While the French government has stepped in to help ailing Peugeot (PEUP.PA), Italy has taken a hands-off approach as its auto industry has endured Europe’s five-year sales decline against a backdrop of the euro zone debt crisis and state austerity measures.
“Italian industry in particular has suffered for some time in this situation in which the car sector has slowly but surely become less competitive, but (the decline) has been underestimated,” Monti said at the Italian Automotive Association conference in Rome.
However, Italy has not intervened with financial support for its national car champion Fiat FIA.MI because its European losses are more than covered by revenue from its Chrysler unit in the United States.

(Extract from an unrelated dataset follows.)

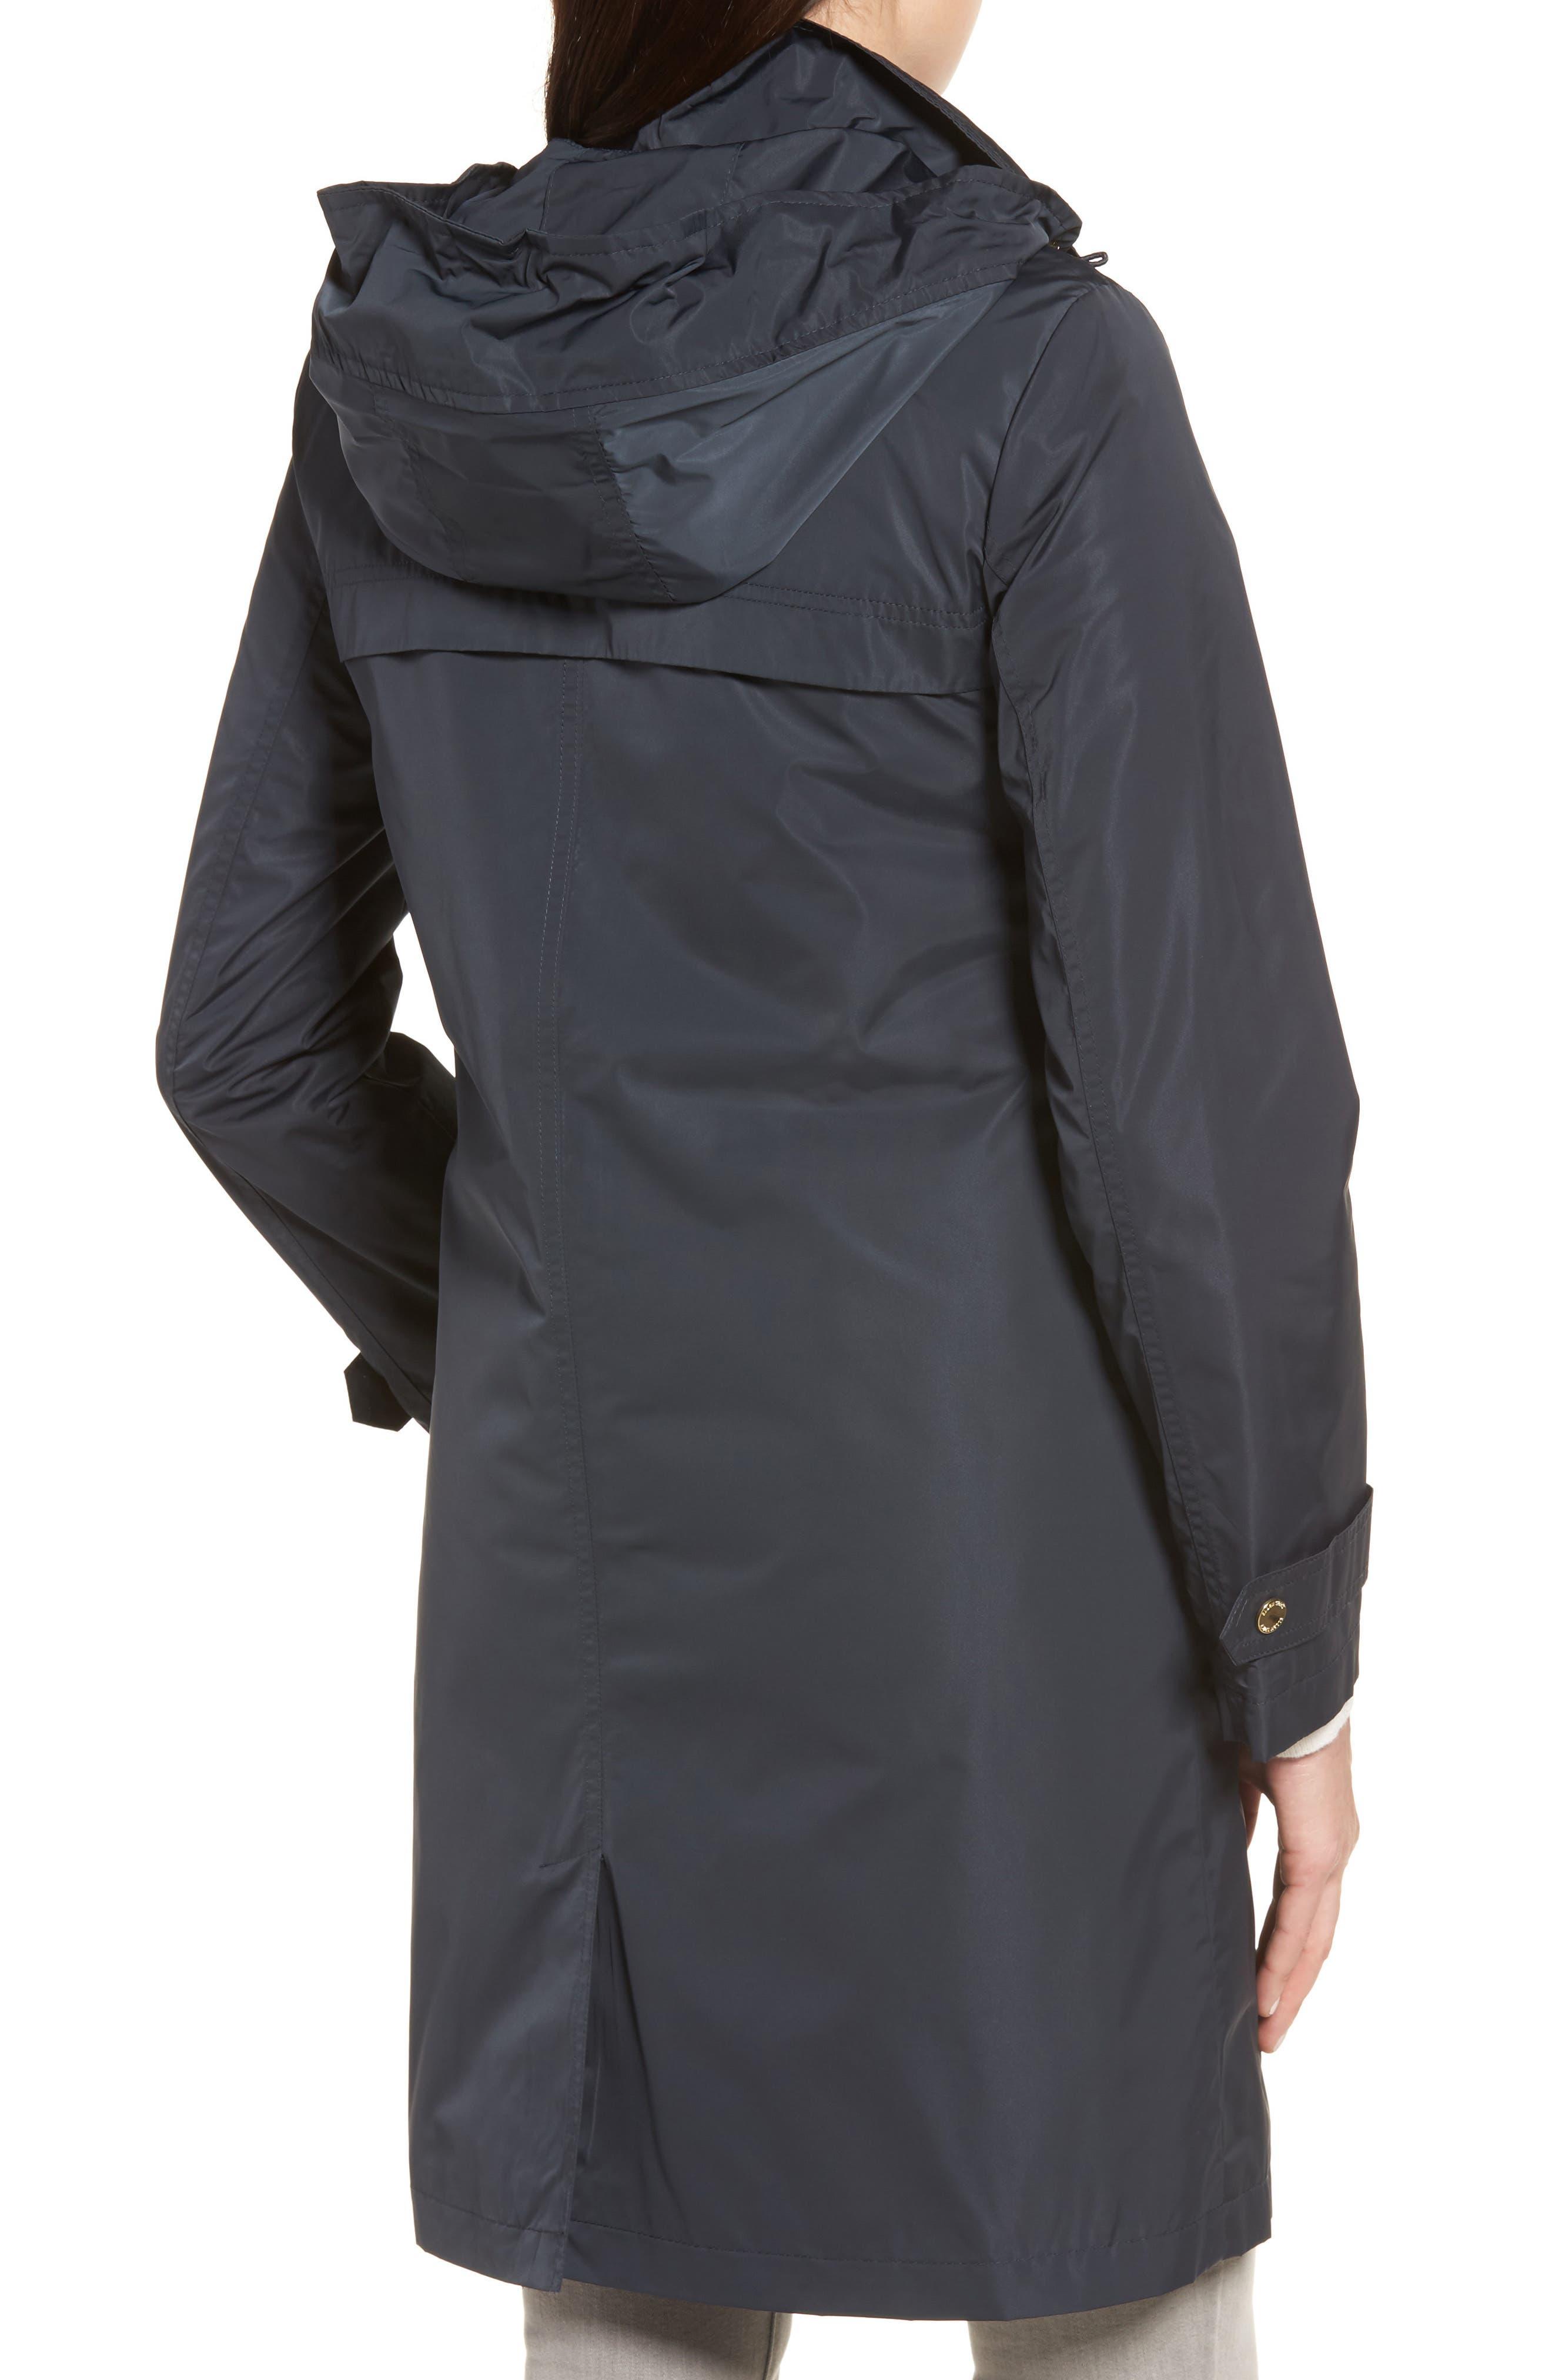 Raincoat with Detachable Hood,                             Alternate thumbnail 2, color,                             Navy

Concerns about possible plant closures prompted Monti to meet Fiat and Chrysler Chief Executive Sergio Marchionne on September 22 to look for ways to improve the company’s manufacturing efficiency and boost exports.
But Monti’s weekend announcement that he intends to resign from office before Christmas would suggest that any remaining hopes of export-boosting measures are slim.
“I do not see the car sales situation changing much next year,” Roberto Vavassori, the Italian Automotive Association chairman, said earlier on Wednesday when asked for a market forecast. “That is the trend. In Italy, I think we could see a small contraction.”
Western European car sales have fallen 7.3 percent to 10.33 million vehicles so far this year, according to latest data from Brussels-based industry group ACEA, led by double-digit declines in crisis-hit Greece, Italy and Portugal.
New car sales in Italy are set to fall about 20 percent this year to less than 1.4 million, government figures show. Before the start of the 2008 crisis, Italians bought about 2 million cars a year.